Diabetes, in general, is a disorder in which the blood glucose level or blood sugar level is too high. In a normal human, these levels are controlled by the hormone Insulin. Insufficient levels of insulin or complete absence of insulin leads to an uncontrolled rise in blood glucose levels. If diabetes remains uncontrolled for longer, it gives rise to serious complications and affects all normal body functions directly or indirectly.
Diabetic nephropathy or diabetic kidney disease is one of the most serious complications that arise along with uncontrolled diabetes mellitus. Both Insulin Dependent Diabetes Mellitus (IDDM) and Non-Insulin Dependent Diabetes Mellitus (NIDDM) can lead to diabetic nephropathy if proper management is not done. Diabetic kidney disease is the leading cause of End-Stage Renal Disease (ESRD).
How does diabetes cause kidney disease?
Kidneys perform the vital function of filtration. During the process excess amount of any substance present in the blood is excreted out in urine, with continuous high blood sugar level in uncontrolled diabetes, the filtration ability of the kidneys gradually falls, this causes defective membrane permeability.
As a result, the membrane becomes permeable to proteins (which must remain in the blood) and they are excreted out. In the initial stages, the blood protein albumin is found in small quantities in urine. This condition is known as “Microalbuminuria”.
The presence of albumin in the urine is the first indicator that diabetes has started affecting kidneys. If this remains untreated, greater quantities of albumin are excreted out leading to “Macroalbuminuria”.
Diabetic Nephropathy progresses slowly. Following are the symptoms that appear with time, if proper measures are not taken.

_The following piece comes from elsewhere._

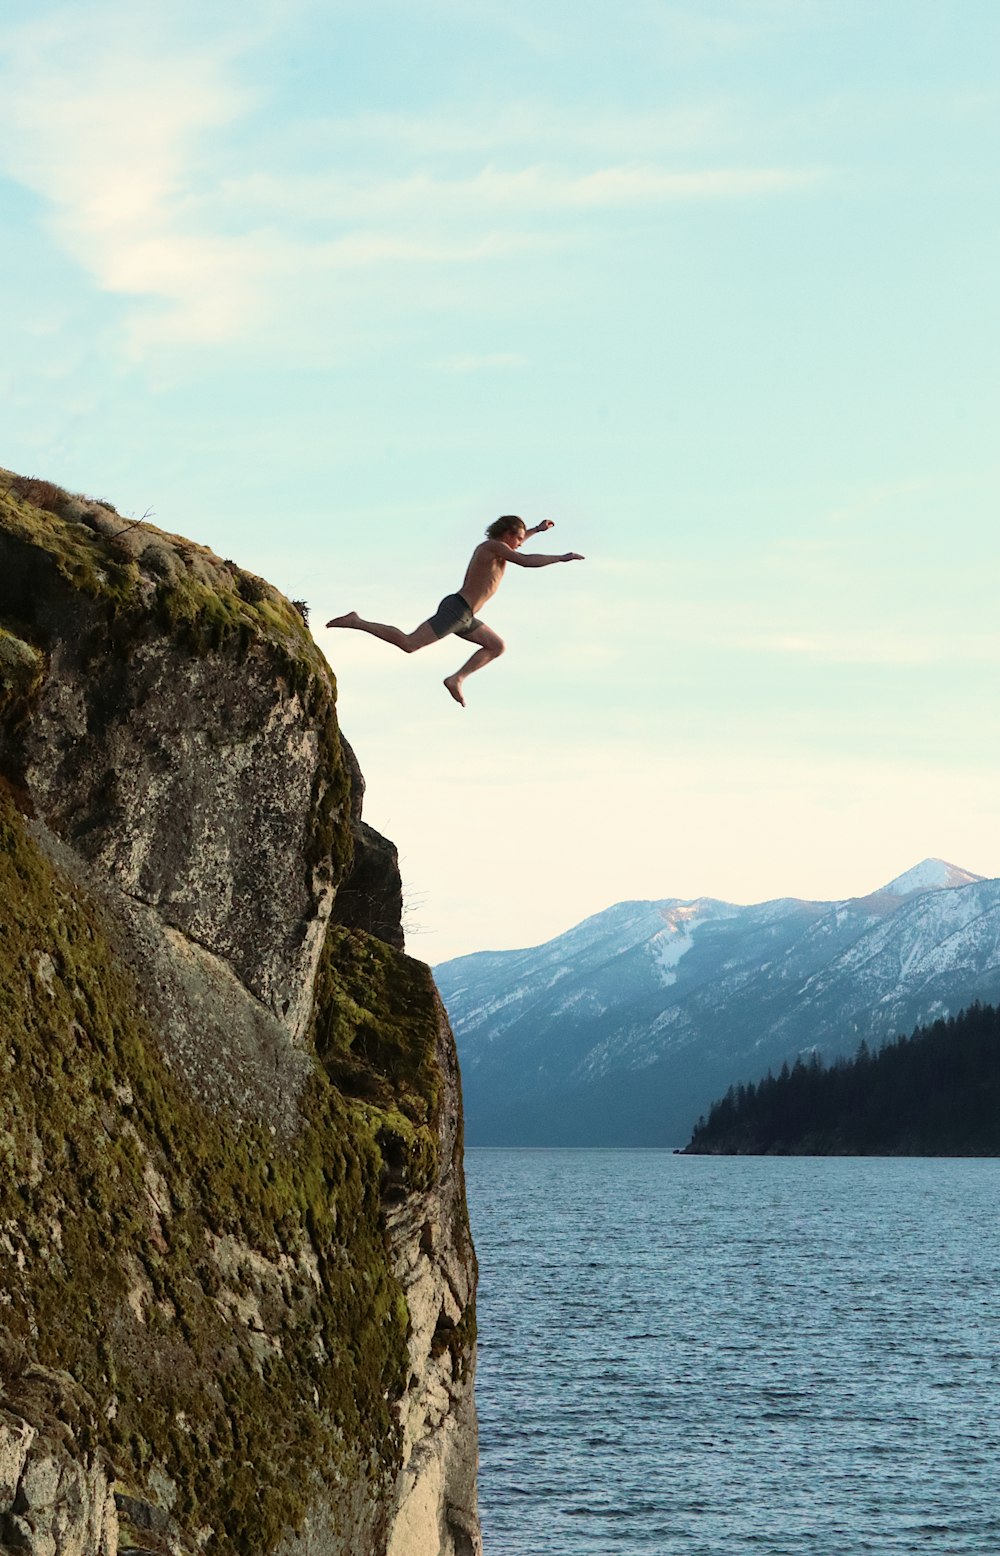 a person jumping off a cliff into a body of water

|Increase in size and activity of the kidney||At diagnosis||Enlarged kidney, higher blood flow, and Increased filtration|
|Changes to the kidney tissue||2-5 years||Thickening of the basal membrane|
|Onset of nephropathy||5-15 years||Albuminuria, high blood pressure|
|Clinical manifestations of Nephropathy||10-25 years||Macroalbuminuria, High blood pressure|
|Renal insufficiency||15-30 years||Rise in serum creatine. Permanent HTN|
Risk Factors for developing Diabetic Kidney Disease:
It is important to know, not all diabetic patients have kidney disease but, some conditions that are potential risk factors include:
- High blood pressure
- Cardiovascular Disorders
- Uncontrolled Diabetes Mellitus
- High salt consumption
- Physical Inactivity
Nutritional Guidelines for Diabetic Nephropathy:
Although diabetic nephropathy cannot be completely cured, its progression can be slowed down with the help of Medical Nutrition Therapy. Nutrition management for diabetes includes management of blood glucose level, blood lipids, hypertension, a healthy body weight. But these targets are harder to achieve for patients with diabetic nephropathy.
Diet therapy is affected by individual effects of nutrients on kidney functions and renal hemodynamics. Diabetic kidney disease requires very strict observation of dietary recommendations for carbohydrates, proteins, fats, and management of electrolytes depending on their individual kidney function.
Weight management and physical activity have also been proved to have a great role. Furthermore, dietary recommendations may differ with different stages of DKD.
Some common foods to avoid in Kidney Disease and Diabetes are listed here:
How much glucose is recommended in patients with kidney disease and diabetes:
A very important tool for good diabetes therapy is the maintenance of blood glucose level below renal threshold (250mg/dl) so that it does not pass in the urine. The characteristic features of patients with kidney disease are insulin resistance and glucose intolerance. For the management of glucose, the target of HbA1c should be <7 %.
Blood glucose levels in the body are affected by the amount and type of carbohydrates. For better management of blood glucose, foods with a glycemic index <55 must be consumed. Low GI (glycemic index) foods include whole grains, cereals, carrots, broccoli, celery, cauliflower, etc.
Eat foods with a low Glycemic Index
How much dietary fiber is recommended in patients with kidney disease and diabetes:
Dietary fiber lowers blood sugar in diabetic patients. Soluble and Insoluble fiber reduces the digestion time of carbohydrates and hence aid in improving insulin sensitivity. The FDA recommends 14g of fiber per 1000kcal and this amount can be increased up to 35g according to the patient’s needs.
Daily Fiber Intake should range from 14 G to 35 G
Among the Foods to Avoid in Kidney Disease and Diabetes, Dietary Restriction of Proteins is very important:
Protein is the major regulatory factor in nephropathy. Reducing the amount of dietary protein intake results in reduced protein excretion and a regulated glomerular filtration rate is achieved gradually. Many experiments done on animals and humans have shown lower protein excretion in urine when a low protein diet is consumed, ultimately causing a delay in the progression of diabetic nephropathy.
Most of the patients do not focus on their dietary patterns and rather consume excessive quantities of carbohydrates and proteins, this excessive intake is harmful and needs to be adjusted in every diabetic patient with or without any comorbid condition.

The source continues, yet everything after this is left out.